▶ **SOURCE DATA**
◆ ◆ ◆ ◆ ◆
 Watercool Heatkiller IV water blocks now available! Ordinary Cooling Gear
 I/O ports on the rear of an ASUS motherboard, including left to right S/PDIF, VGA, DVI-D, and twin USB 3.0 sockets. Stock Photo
◆ ◆ ◆ ◆ ◆
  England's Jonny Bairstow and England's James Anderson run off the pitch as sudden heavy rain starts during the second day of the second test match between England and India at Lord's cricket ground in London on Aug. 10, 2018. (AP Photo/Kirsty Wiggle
◆ ◆ ◆ ◆ ◆
▶ **THE TASK**
Select every line of the records holding the string "Photo".

▶ **FINISHED TASK**
 I/O ports on the rear of an ASUS motherboard, including left to right S/PDIF, VGA, DVI-D, and twin USB 3.0 sockets. Stock Photo
  England's Jonny Bairstow and England's James Anderson run off the pitch as sudden heavy rain starts during the second day of the second test match between England and India at Lord's cricket ground in London on Aug. 10, 2018. (AP Photo/Kirsty Wiggle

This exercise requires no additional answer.